Redaction utilities for logs; toggle to disable request logging entirely.

Success Metrics

Time-to-first-result after upload.
Number of saved runs and templates re-used.
Reduction in manual extraction time for a representative task.
User satisfaction (quick pulse after saved runs).

Release Plan

M1 (v0.1) — Core Playground
- Upload PDF/image; page preview and navigation.
- Parse with one provider; show Markdown and JSON; save runs; export JSON.
- Basic provider config (host/port/api key) and preprocessing toggle.
- Acceptance: A user can replicate a layout extraction example end-to-end in < 2 minutes.
M2 (v0.2) — Templates, Regions, and Examples
- Template library + editor; draw/save bboxes; per-page runs; examples gallery.
- Multiple providers; concurrency and caching; logs and token usage.
- Acceptance: A user can create a new template with variables and run it across 10 pages with regions in one click.
M3 (v0.3) — Projects and Evals
- Projects grouping; batch runs over documents; dataset export; simple eval harness with spot checks.
- Acceptance: A user can run a project over 100 pages and export an evaluation-ready JSONL in < 10 minutes.

Open Questions

Do we require strict JSON schema validation with auto-repair, or soft validation with warnings?
What are the approved external providers for sensitive documents?
Should we include table renderers in the UI, or keep to JSON/Markdown only?
How long should run artifacts persist by default (e.g., 7 days)?

Risks & Mitigations

External API variability: Abstract through connectors; provide stubs/mocks for local dev.
Document diversity: Offer preprocessing toggles and template variables; maintain an examples gallery.
Cost visibility: Track token usage and estimated cost per run; warn when large batches are selected.

Appendices

Example: Layout Extraction Prompt (concept)

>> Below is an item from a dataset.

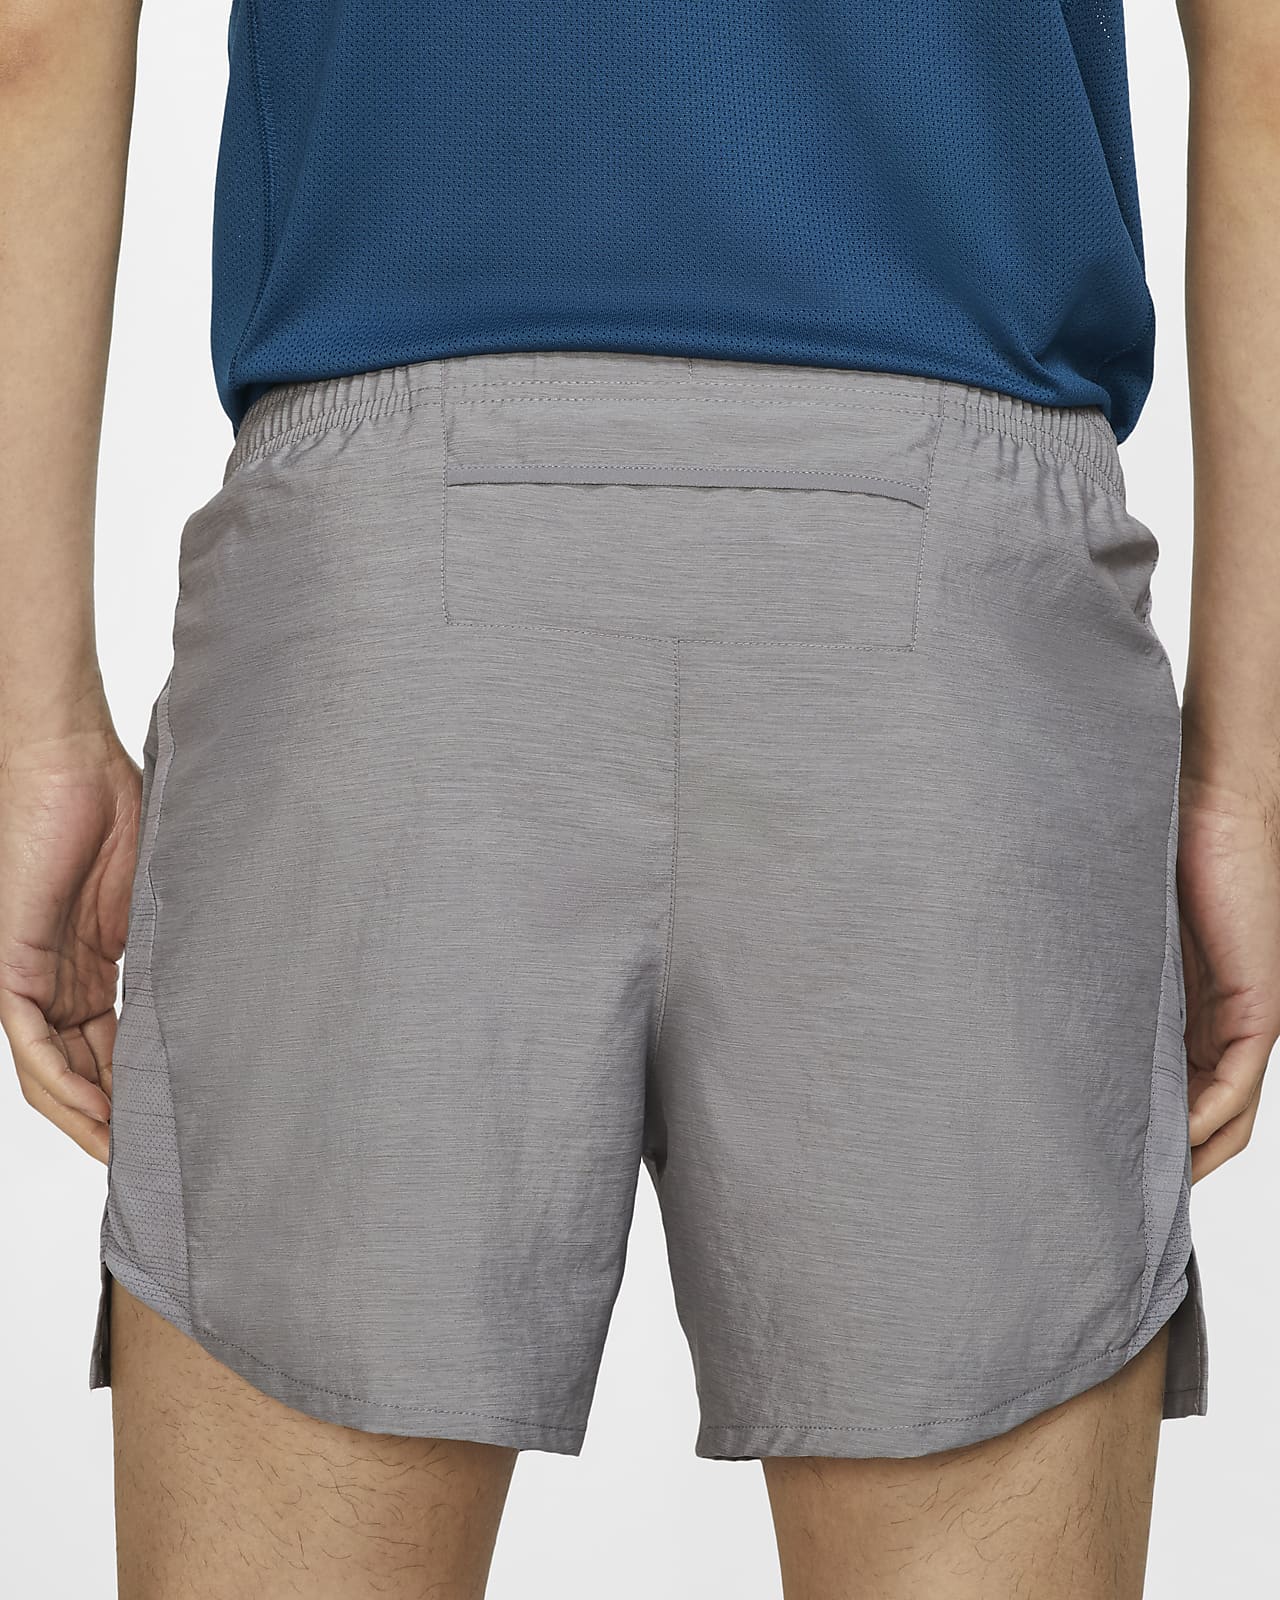 nike men's 5 inch running shorts

System: You are a vision-language model that outputs structured JSON only.
User: Please output the layout information from the PDF page image. For each element, return:
- bbox: [x1, y1, x2, y2] in image pixels
- category: string label from {"title","header","paragraph","table","figure","footnote"}
- text: content within bbox
Return JSON: {"elements": [{"bbox": [..], "category": "..", "text": ".."}], "page": <number>}.